◆ **What you will do**
The answer must be the full data, restated word for word, with no pictures in it.

◆ **Source material**
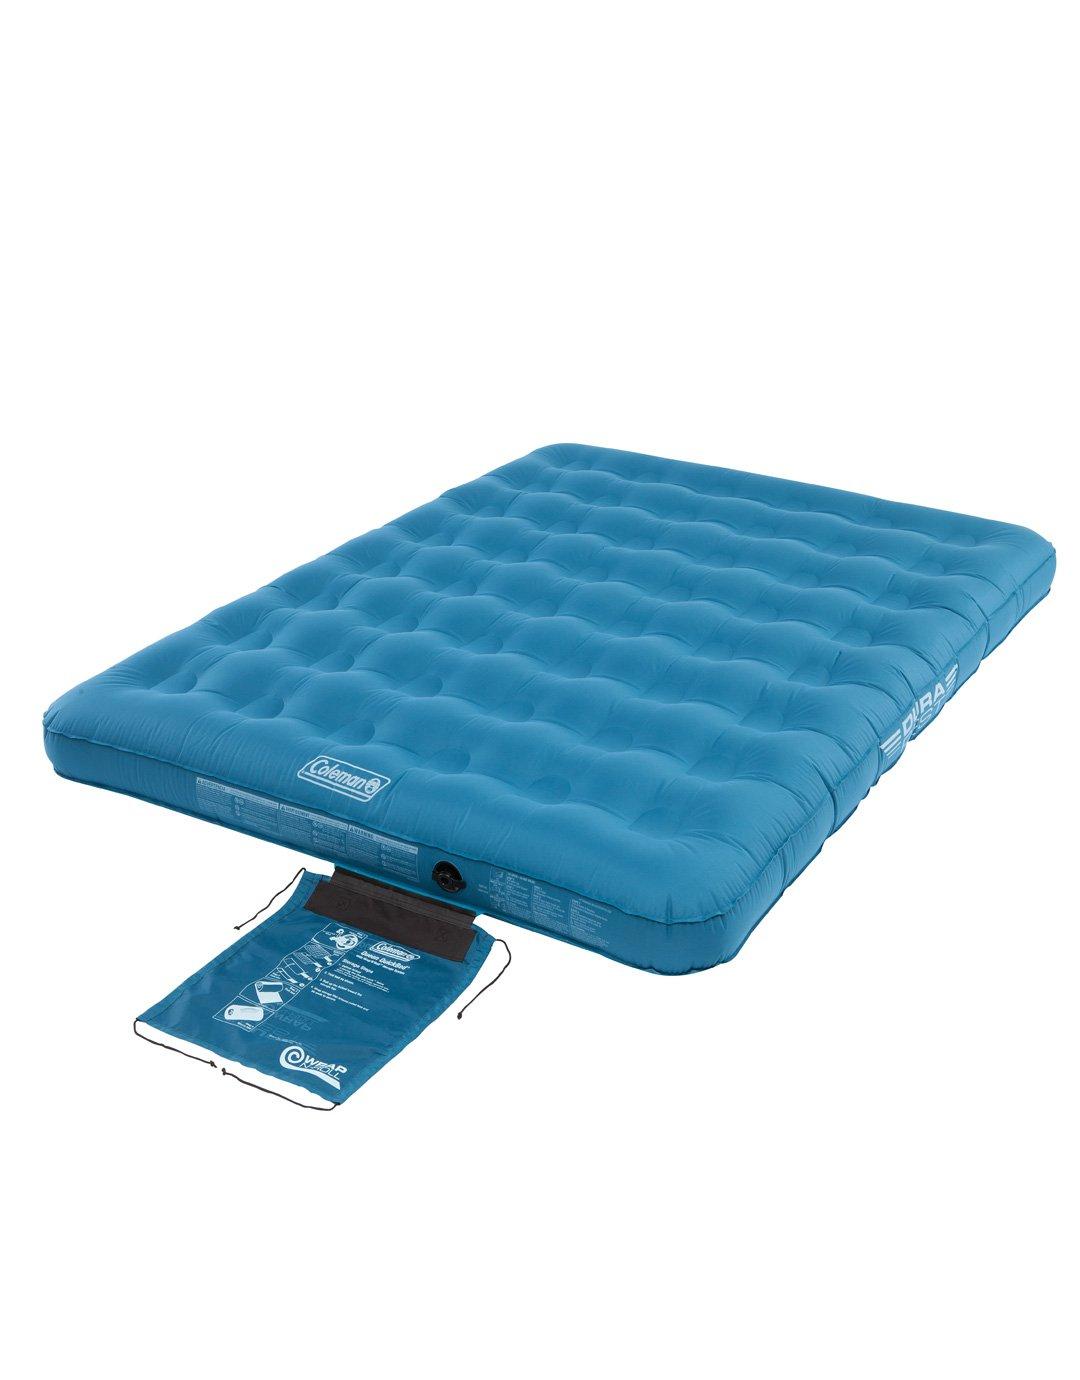 Coleman Luftbett/Luftmatratze Extra Double Airbed für 2 Personen
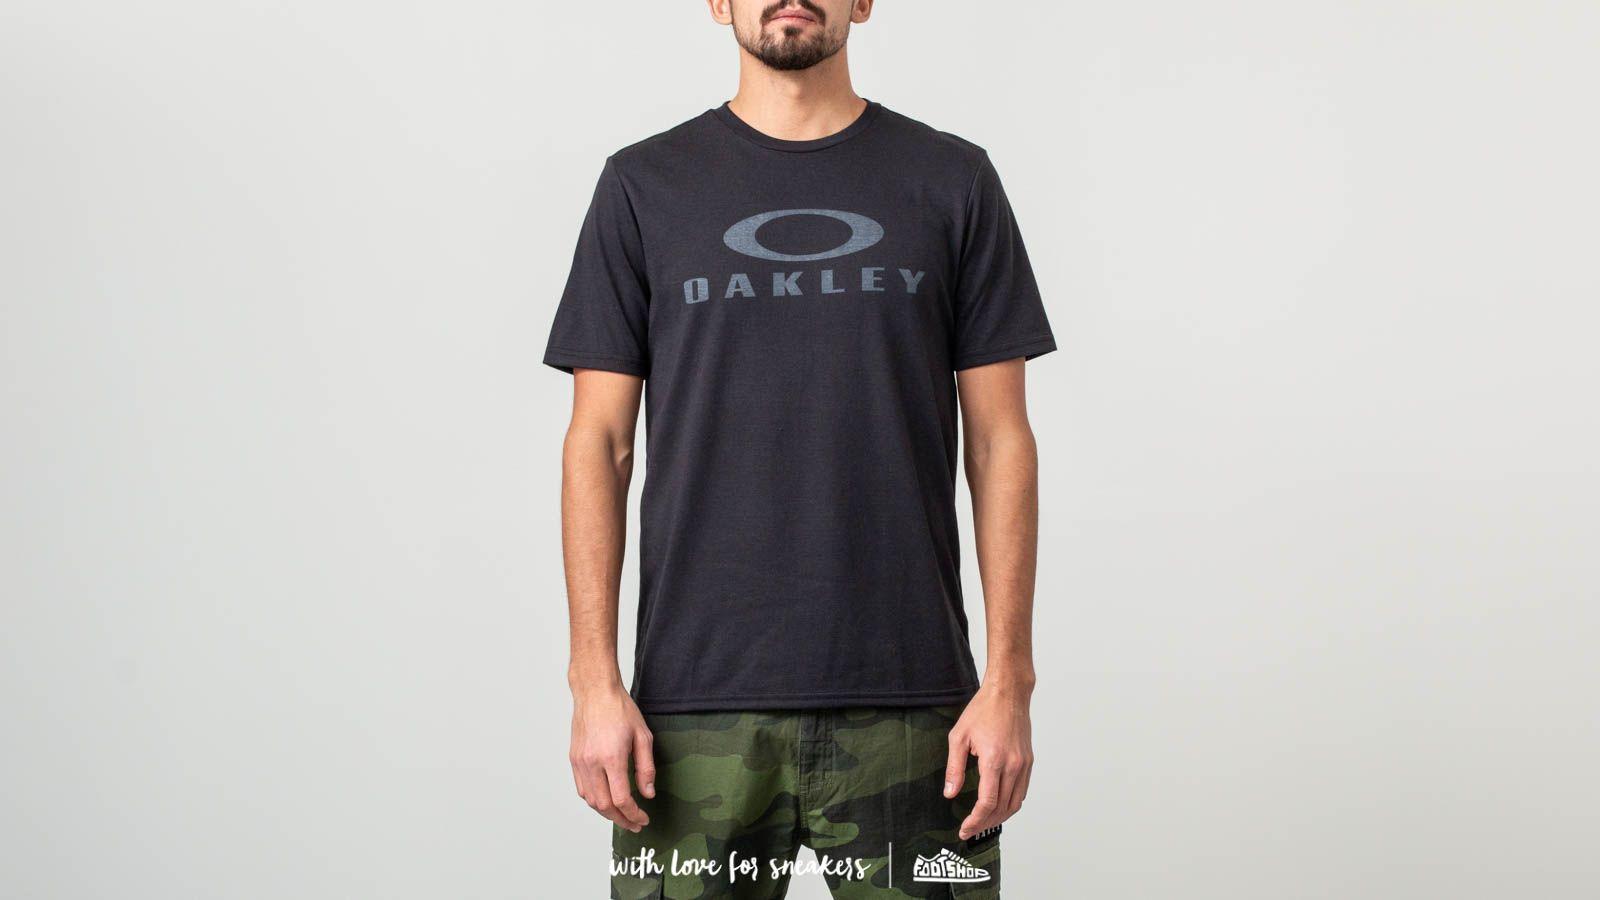 Oakley O Bark Tee Black za skvělou cenu 470 Kč koupíte na Footshop.cz
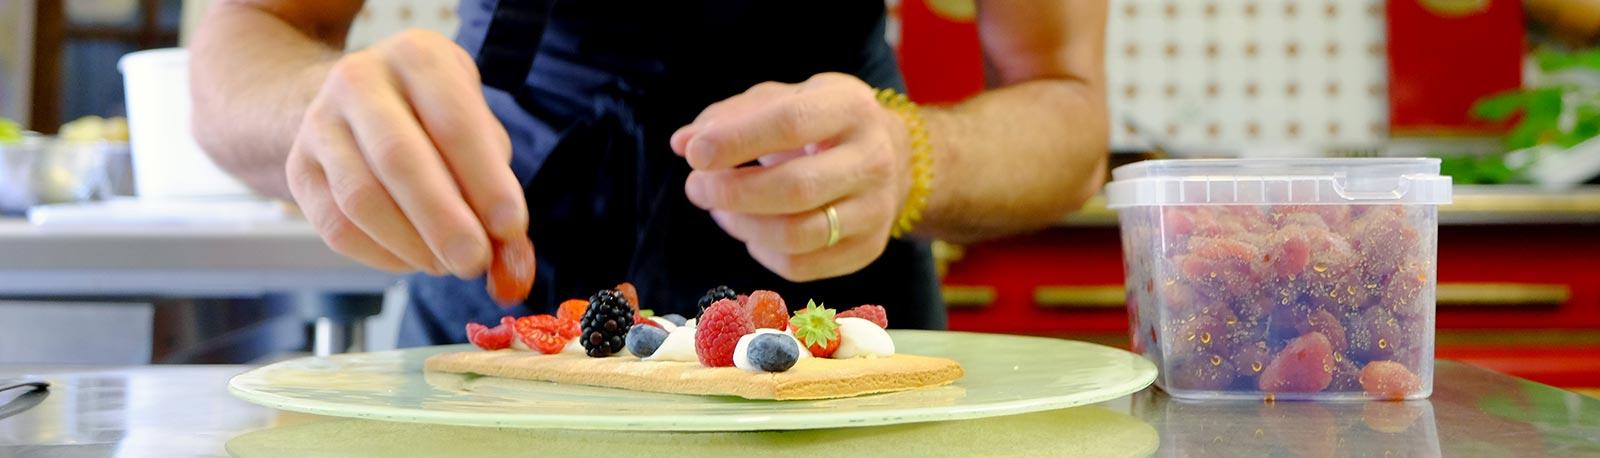 Recepten met gedroogd fruit
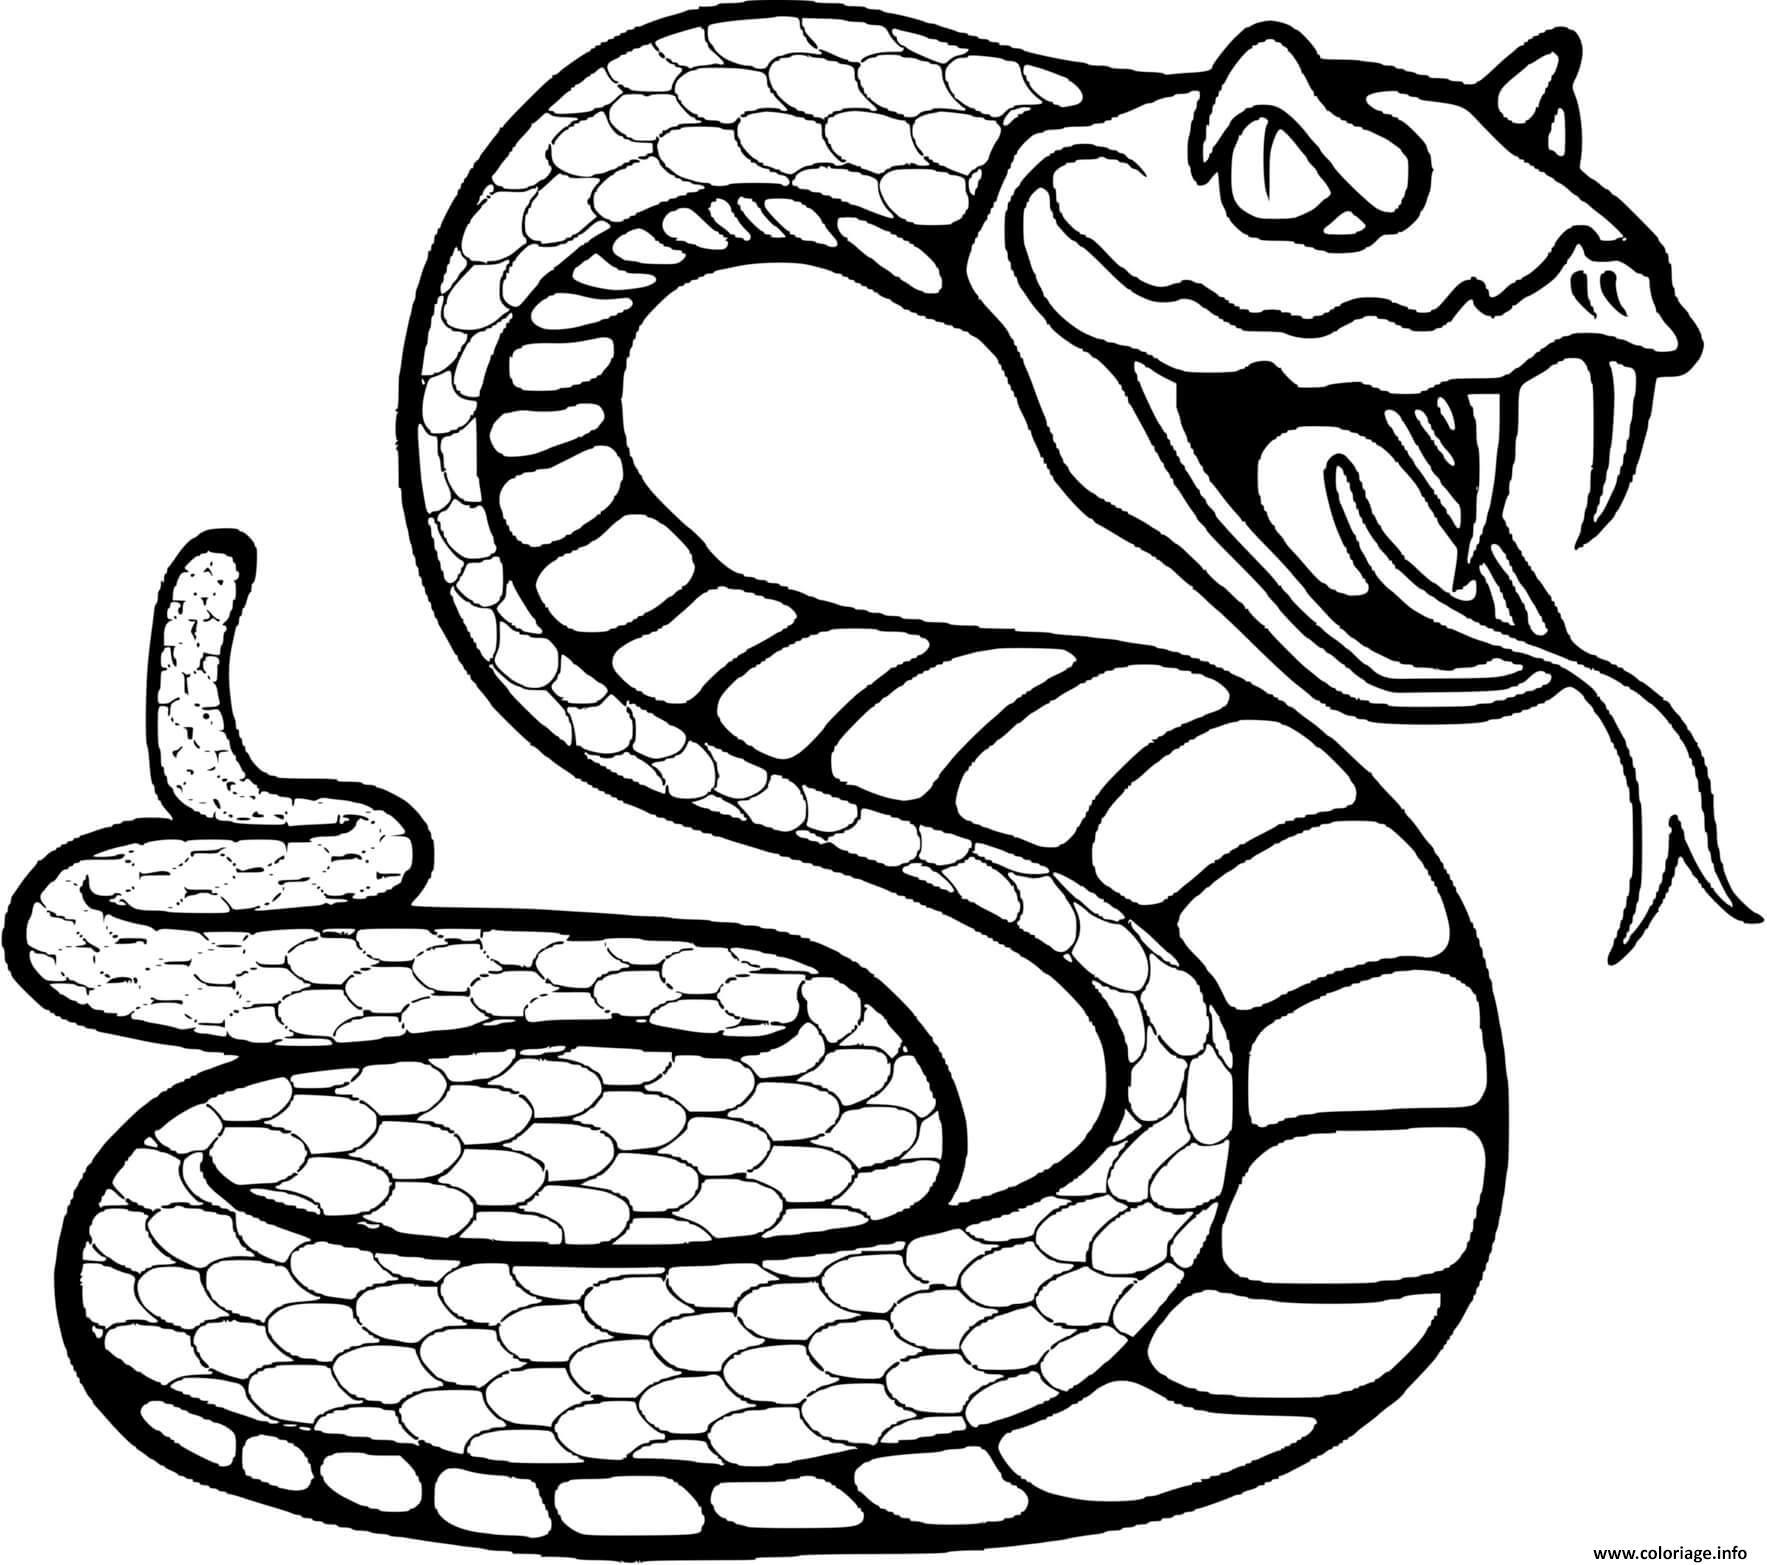 Dessin serpent a sonnette Coloriage Gratuit à Imprimer

◆ **Problem solution**
 Coleman Luftbett/Luftmatratze Extra Double Airbed für 2 Personen
 Oakley O Bark Tee Black za skvělou cenu 470 Kč koupíte na Footshop.cz
 Recepten met gedroogd fruit
 Dessin serpent a sonnette Coloriage Gratuit à Imprimer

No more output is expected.